Matloff's proclamations about abuse in the guest worker program only "perpetuate the myths surrounding the H-1B visa program," wrote George Scalise, president of the Semiconductor Industry Association, in a September letter to the editor of the Washington Post.

Harris Miller, president of the Information Technology Association of America, says Matloff's 1998 predictions of gloom and doom for domestic workers haven't panned out. Just look at unemployment, says Miller. In 1999, 2.3 percent of programmers were unemployed, well below the nationwide unemployment rate of 4.2 percent -- itself an extremely small figure historically.

"He's obviously a very good computer science professor," Miller says. "But on this issue he's just flat wrong."

Matloff has evidence suggesting that unemployment figures don't capture older techies who've been forced out of the field. But being asked to address Miller's charge elicits more than just the facts. During an interview at a Chinese restaurant in Oakland, Calif., Matloff's voice rises when he considers Miller and other industry spokesmen.

"Lobbyists are paid to be sharks," he says.

It's a rare angry moment during the dim sum lunch. For the most part, Matloff is soft-spoken as he speaks with me and orders dishes in fluent Chinese. His mild-mannered temperament, along with his small, wiry frame and thick glasses, fits the stereotype of a computer nerd perfectly.

Only there's a big difference between him and most coders, he says.

"Programmers tend to be reserved people," observes Matloff, "not types who would write to their representatives, let alone carry a picket sign."

Matloff's activism on the H-1B issue is part of a broader social justice streak. He's long been interested in ethnic minority issues, and served a stint as head of UC-Davis' affirmative action program. Matloff married a Chinese woman who eventually became a U.S. citizen, and he used his e-mail network to spread awareness of the Wen Ho Lee case.

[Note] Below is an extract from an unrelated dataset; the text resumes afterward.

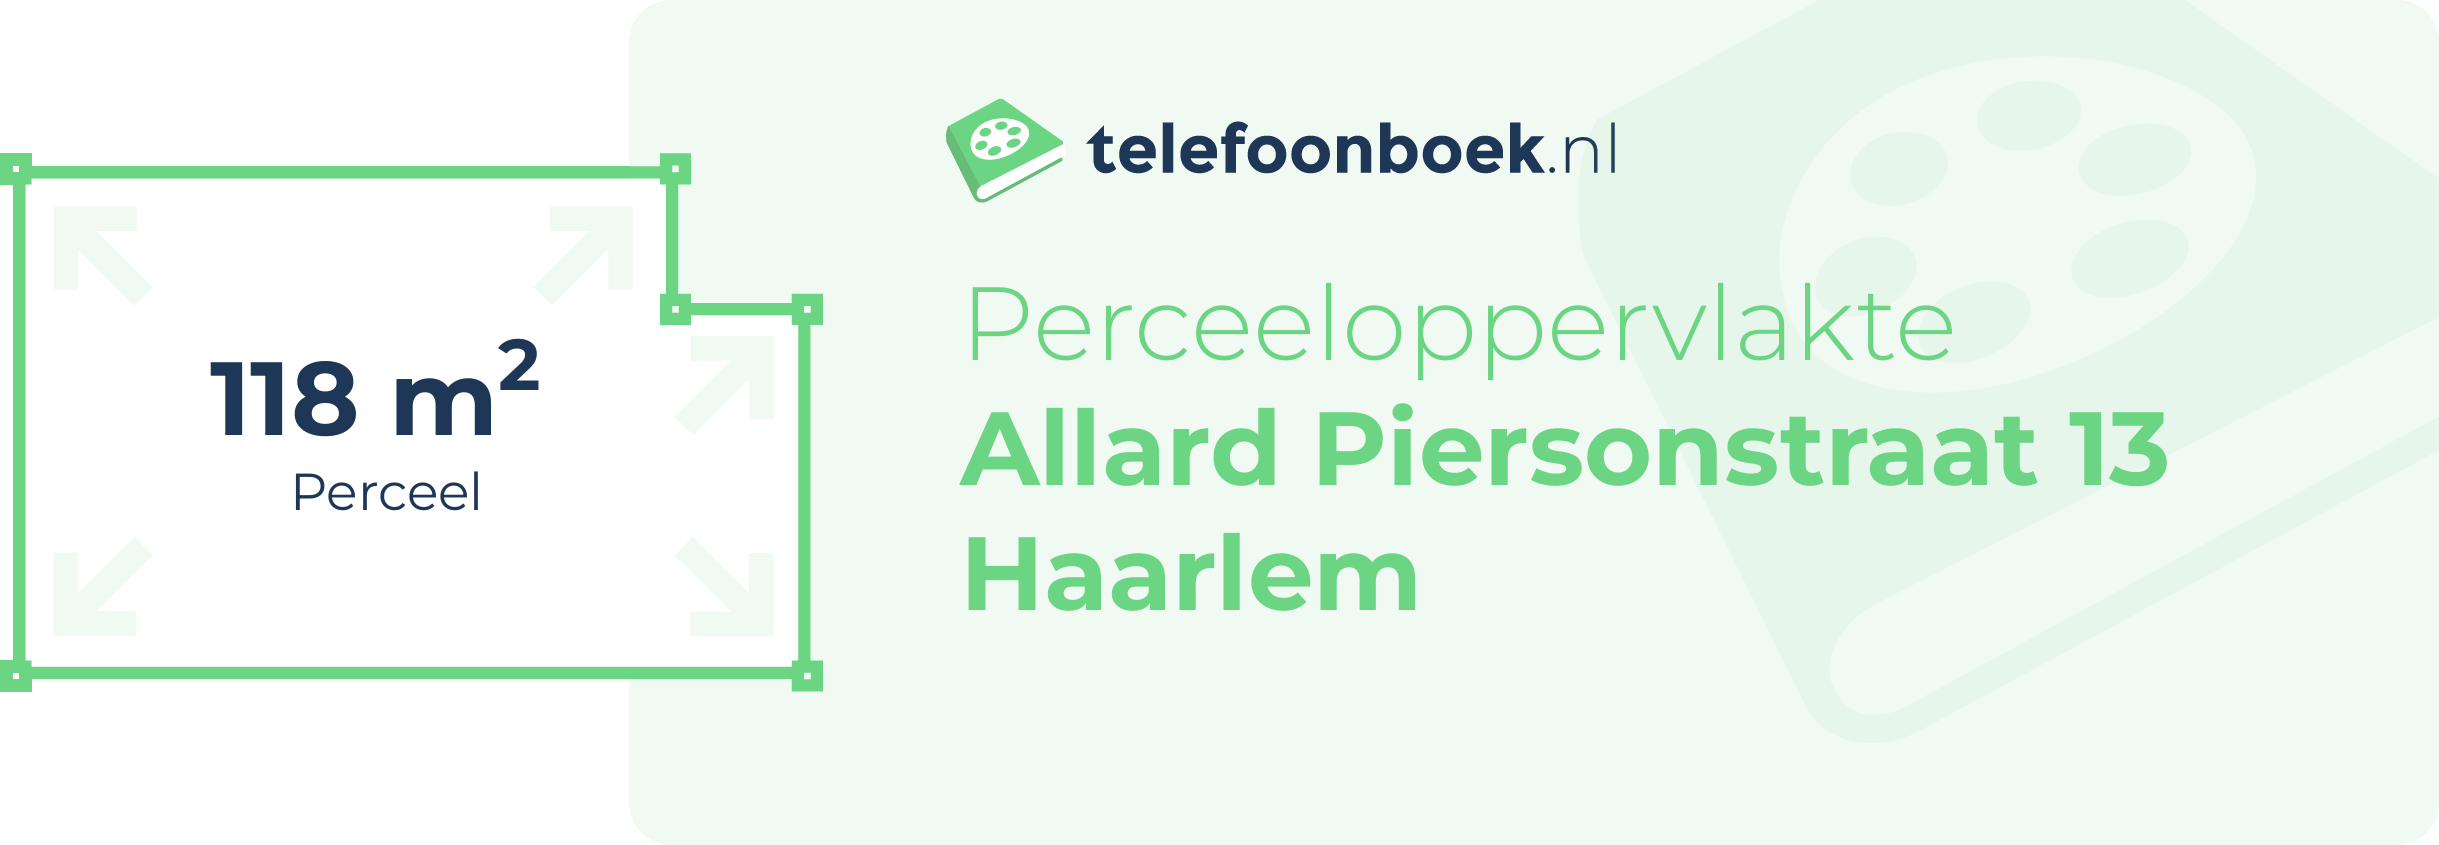 Perceeloppervlakte Allard Piersonstraat 13 Haarlem

Matloff's concern for the underdog comes packaged with a hungry, disciplined mind. He taught himself both Cantonese and Mandarin as an adult by listening to the radio and bugging friends for help. He also taught himself how to program computers. His Ph.D. from UCLA is in theoretical math.

It's not surprising, then, that Matloff has developed an impressive lay expertise on the subjects of age discrimination and the H-1B visa. One sign of the volume of his knowledge: The testimony he gave to Congress and that he continually updates has grown to 110 pages.

Labor unions, engineer associations and other critics have opposed the H-1B program. But Matloff has been central, says Mark Krikorian, executive director of the Center for Immigration Studies, a nonpartisan Washington think tank.

And although the H-1B expansion passed overwhelmingly, Matloff's efforts kept the measure from being worse, Krikorian says. In particular, Matloff's credibility and activism helped kill an exemption for foreign graduate students at U.S. universities -- a feature that could have allowed an additional 100,000 or more H-1B workers annually, Krikorian says.

"He can't be pigeonholed as a gadfly," Krikorian says. "He knows more about this than just about anybody. He's intimately familiar with the personal, professional and academic aspects of the issue. And you can't write him off as a nut."